C.H. Spurgeon, “Jesus Washing His Disciples’ Feet” (Sermon No. 612)
Penebusan Sempurna Melalui Darah dan Air
Di kayu salib, ketika prajurit menusuk sisi Yesus dan keluar darah serta air (Yohanes 19:34), itu menggenapi segalanya. Pada zaman itu, sistem drainase di Bait Suci dirancang untuk mengalirkan darah dan air dari kurban-kurban yang terus-menerus dipersembahkan. Dari tubuh Yesus begitu juga, darah dan air mengalir. Tubuh-Nya adalah Bait Suci yang baru (Yohanes 2:19-21), darah-Nya untuk penebusan, dan air untuk penyucian. Semua dilakukan hanya sekali dan untuk selamanya. Rasul Yohanes pun kemudian menulis: “Darah Yesus, Anak-Nya itu, menyucikan kita dari pada segala dosa” 1 Yohanes 1:7.

Salib dan pembasuhan kaki bukan dua peristiwa yang terpisah. Kedua peristiwa itu memiliki keterkaitan. Salib adalah dasar yang sempurna, dan di sanalah dosa kita diampuni seperti yang dijanjikan dalam Taurat. Hal ini tidak pernah bisa dicapai oleh korban binatang yang berulang (Ibrani 10:4, 10:11-12). Pembasuhan kaki adalah kelanjutannya di mana Yesus merendahkan diri-Nya, menyentuh bagian paling kotor dalam hidup kita, dan membersihkannya dengan tangan-Nya sendiri. Yesus mau melakukannya bukan karena kita layak, melainkan karena Ia setia.
“The bath of his blood is your only washing; the stream of water from his side is your perfect purification. None but Jesus, none but Jesus, has wrought out the work of our salvation.”
C.H. Spurgeon, “The Day of Atonement” (Sermon)
Kesimpulan
Jika apa yang dilakukan dari luar tidak lagi menunjukkan penerimaan yang sama, maka persoalannya bukan hanya pada ritual, tetapi pada hati yang belum benar-benar tersentuh. Pada titik inilah makna “ melayani” menjadi berbeda.

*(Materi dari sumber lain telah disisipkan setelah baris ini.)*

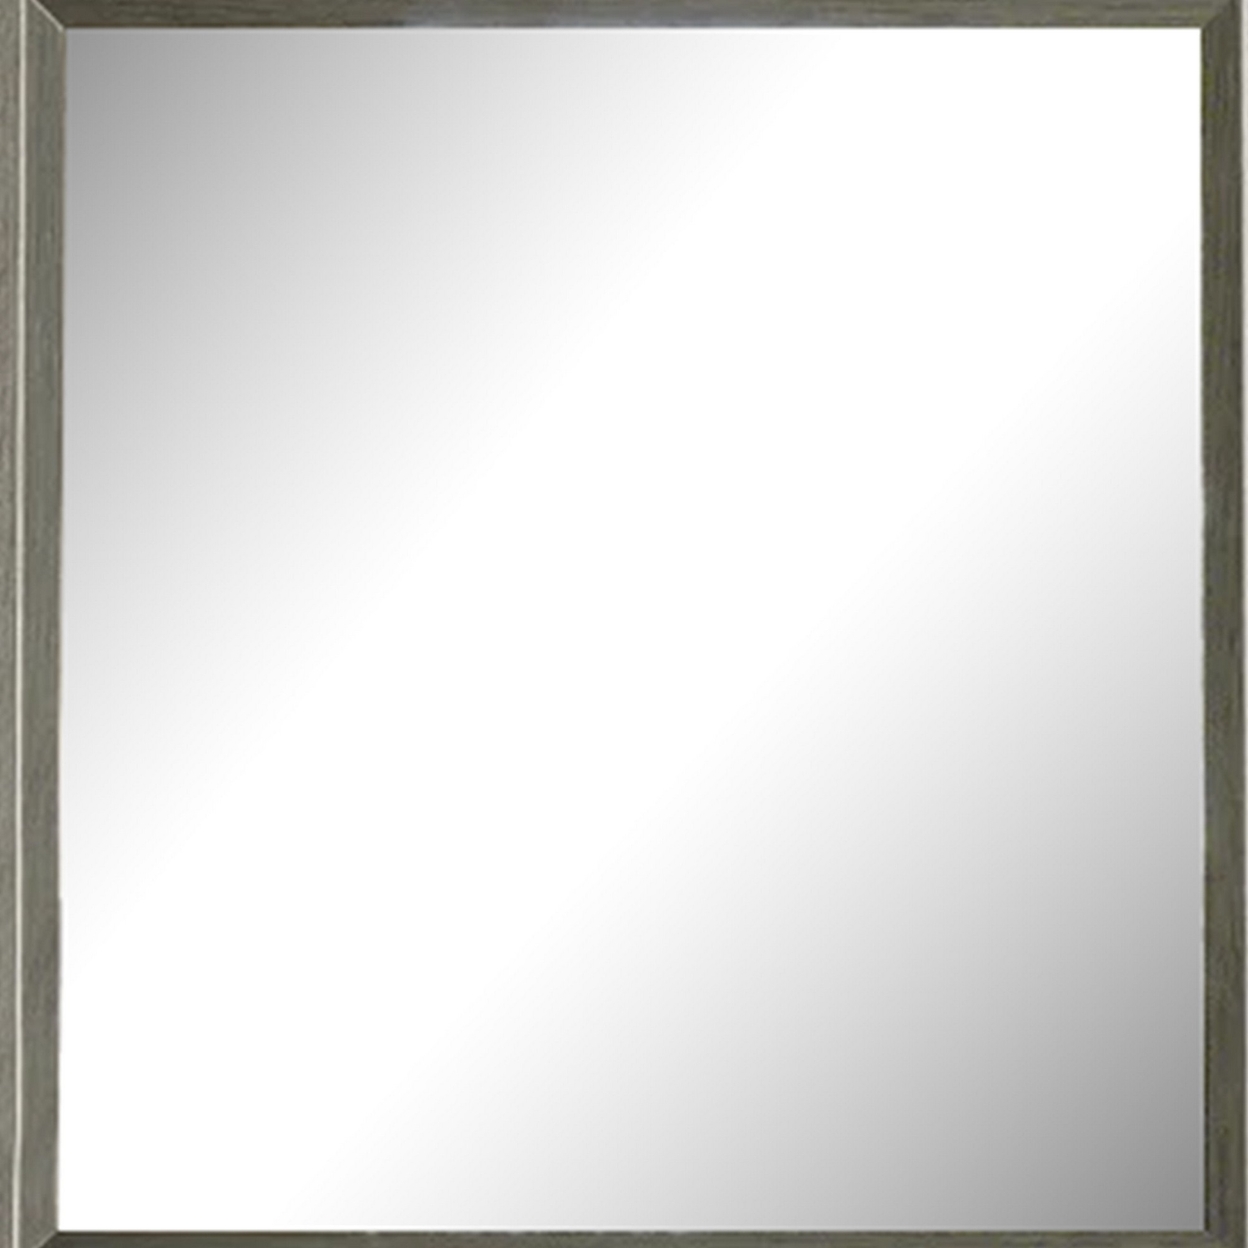 Cid Mizo 42 Inch Mirror, Portrait Orientation, Smooth Gray Solid Wood Frame- Saltoro Sherpi

Bukan sekadar melakukan kebaikan dari jauh, tetapi bersedia turun seperti Yesus yang mau menyentuh bagian yang paling kotor dan dihindari dari kehidupan manusia. Yesus memberikan teladan bahwa melayani yang sejati tidak lahir dari apa yang terlihat, melainkan dari kerendahan hati yang mau mendekat.

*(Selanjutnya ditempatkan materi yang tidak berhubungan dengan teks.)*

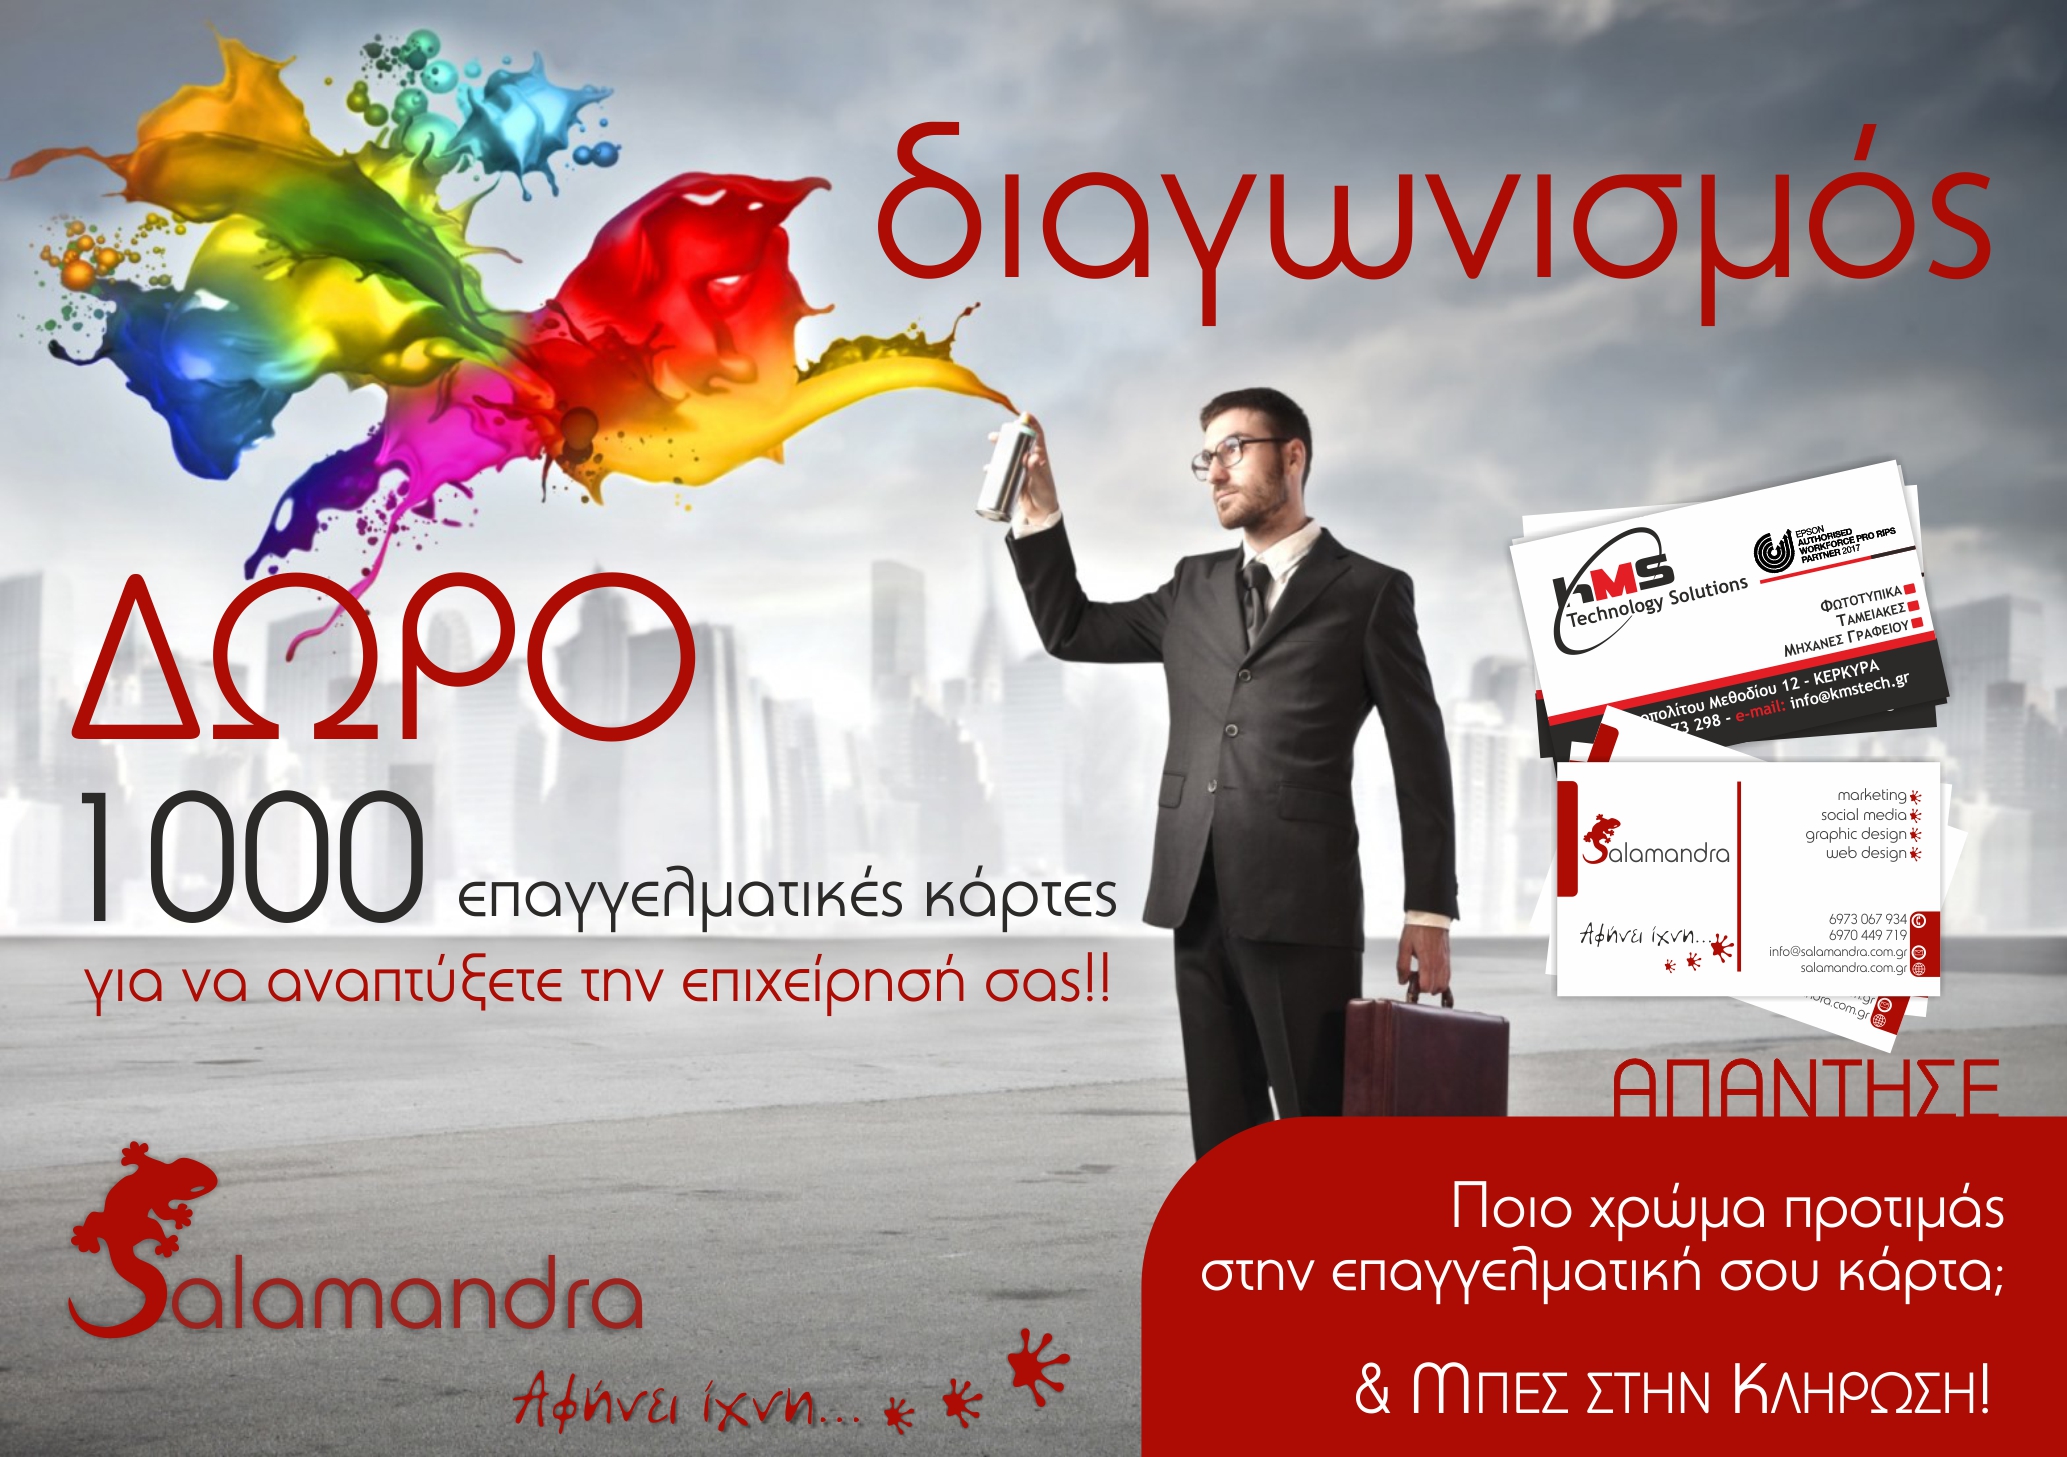 You are currently viewing Διαγωνισμός με Δώρο «1000 επαγγελματικές κάρτες»

Penutup: Kasih yang Tetap Membungkuk Penuh Kasih
Ketika kita mencuci tangan, kita melakukannya supaya terlihat bersih di mata orang lain, layaknya yang dilakukan oleh Pilatus, dan para imam. Kita berusaha terlihat bersih dan kudus di hadapan manusia dengan menampilkan tampilan rohani, tetapi diam-diam menyimpan dosa agar tidak terlihat oleh orang lain. Namun yang dilakukan oleh Yesus berbeda. Dia justru mendekat, membungkuk, dan menyentuh bagian tersembunyi yang kita tidak mau orang lain menyentuhnya.
Semua ini membawa pada satu pemahaman bahwa kita tidak hanya diselamatkan oleh Yesus dari dosa masa lalu, tetapi juga dipelihara oleh-Nya setiap hari. Yesus bukan hanya Juruselamat yang mati di salib, tetapi Ia juga Tuhan yang rela membasuh kaki kita dalam perjalanan hidup kita yang penuh debu dosa ini.
Kasih-Nya yang paling nyata tidak hanya saat Ia menumpahkan darahNya, melainkan juga saat Ia tetap mau mendekat, membersihkan kita bahkan ketika kita sendiri tidak sadar betapa kotornya kehidupan kita ini.
Itulah yang membuat Yesus berbeda dari segala ritual manusia. Ia tidak menyucikan dari luar. Ia menyentuh yang paling dalam dari hidup kita dan Dia setia melakukannya setiap saat.